■ **REQUIREMENT**:
As written and without pictures, set down the lines from the one that contains "beach, Weisse Wiek, Boltenhagen, Mecklenburg-West" through the end of the data.

■ **INFORMATION PROVIDED**:

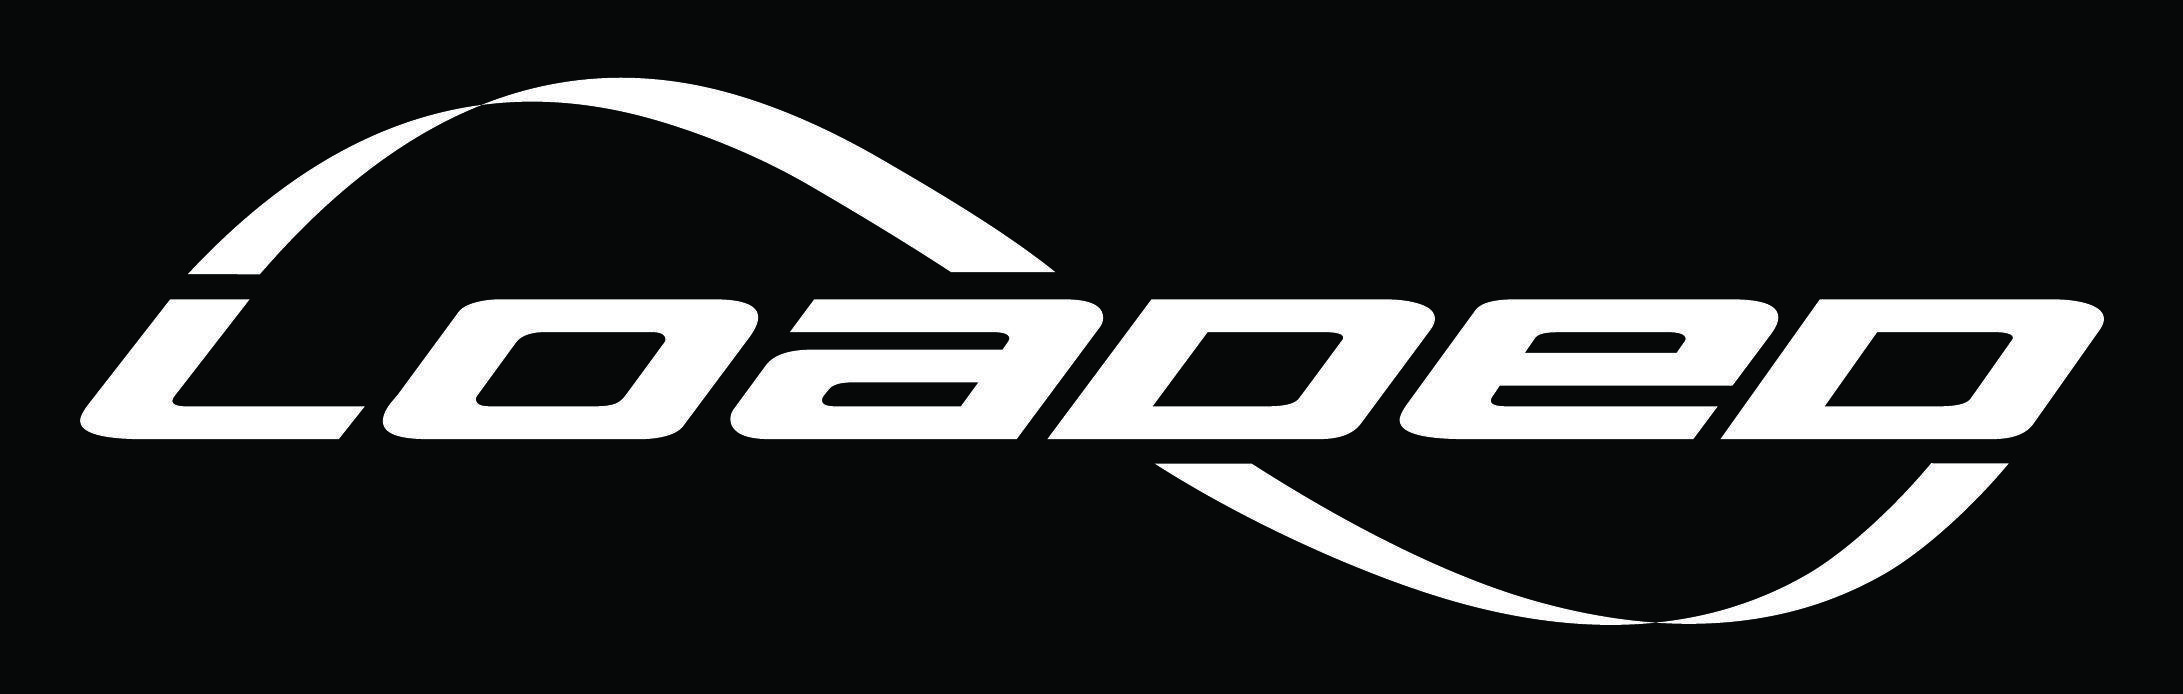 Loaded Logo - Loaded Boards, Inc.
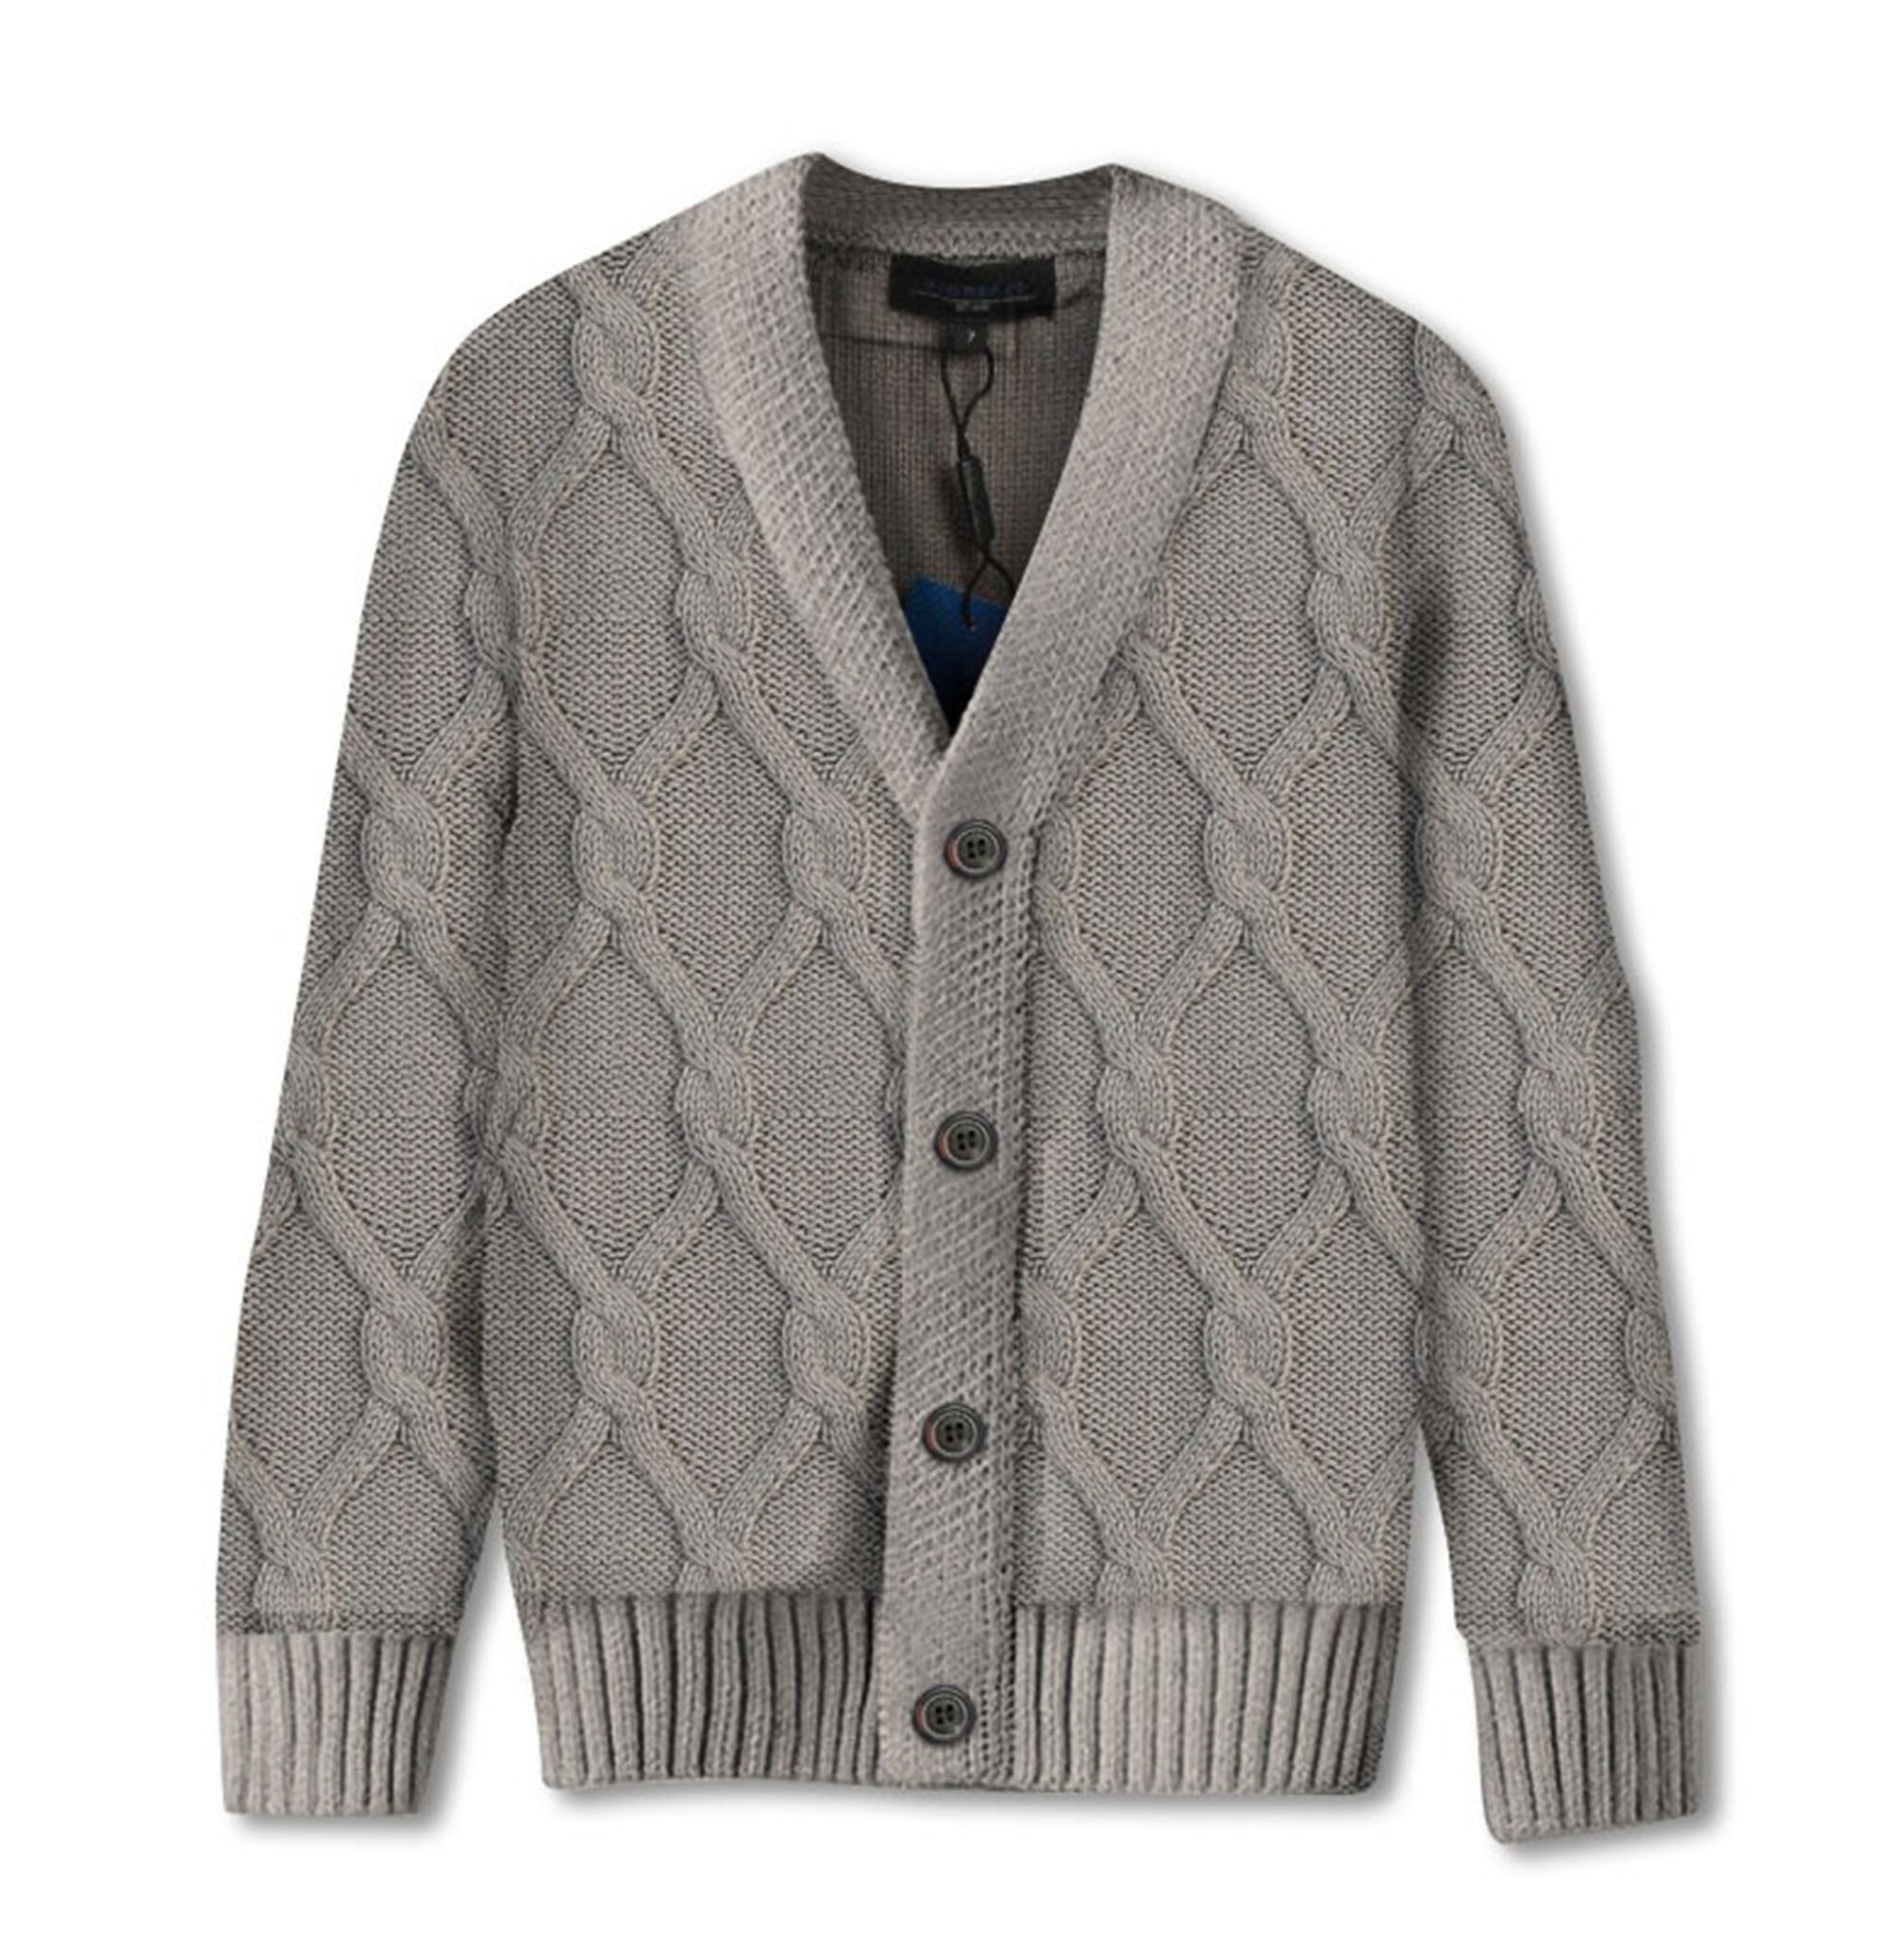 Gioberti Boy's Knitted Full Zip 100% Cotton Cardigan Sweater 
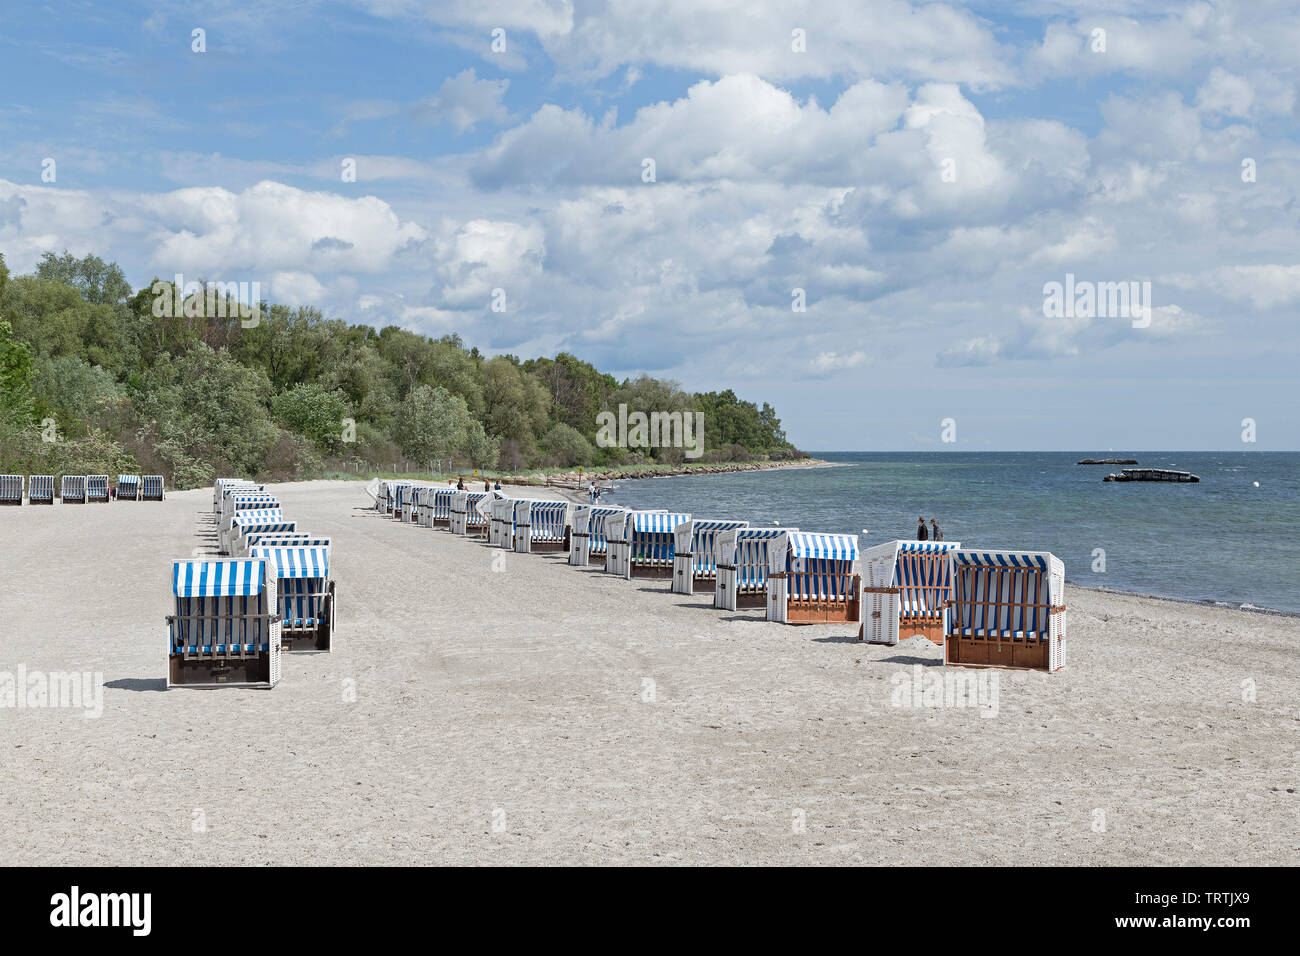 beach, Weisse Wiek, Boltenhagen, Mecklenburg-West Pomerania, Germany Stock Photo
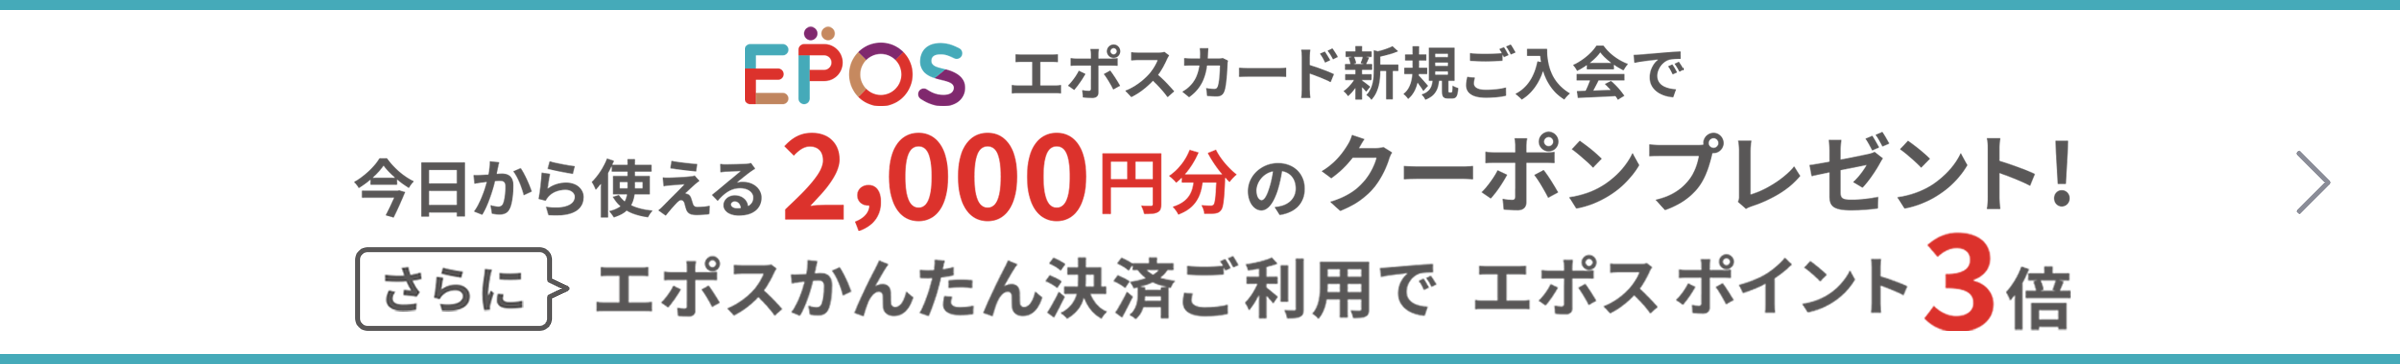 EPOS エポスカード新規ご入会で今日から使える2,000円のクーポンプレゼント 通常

■ **ANSWER SPACE**:
 beach, Weisse Wiek, Boltenhagen, Mecklenburg-West Pomerania, Germany Stock Photo
 EPOS エポスカード新規ご入会で今日から使える2,000円のクーポンプレゼント 通常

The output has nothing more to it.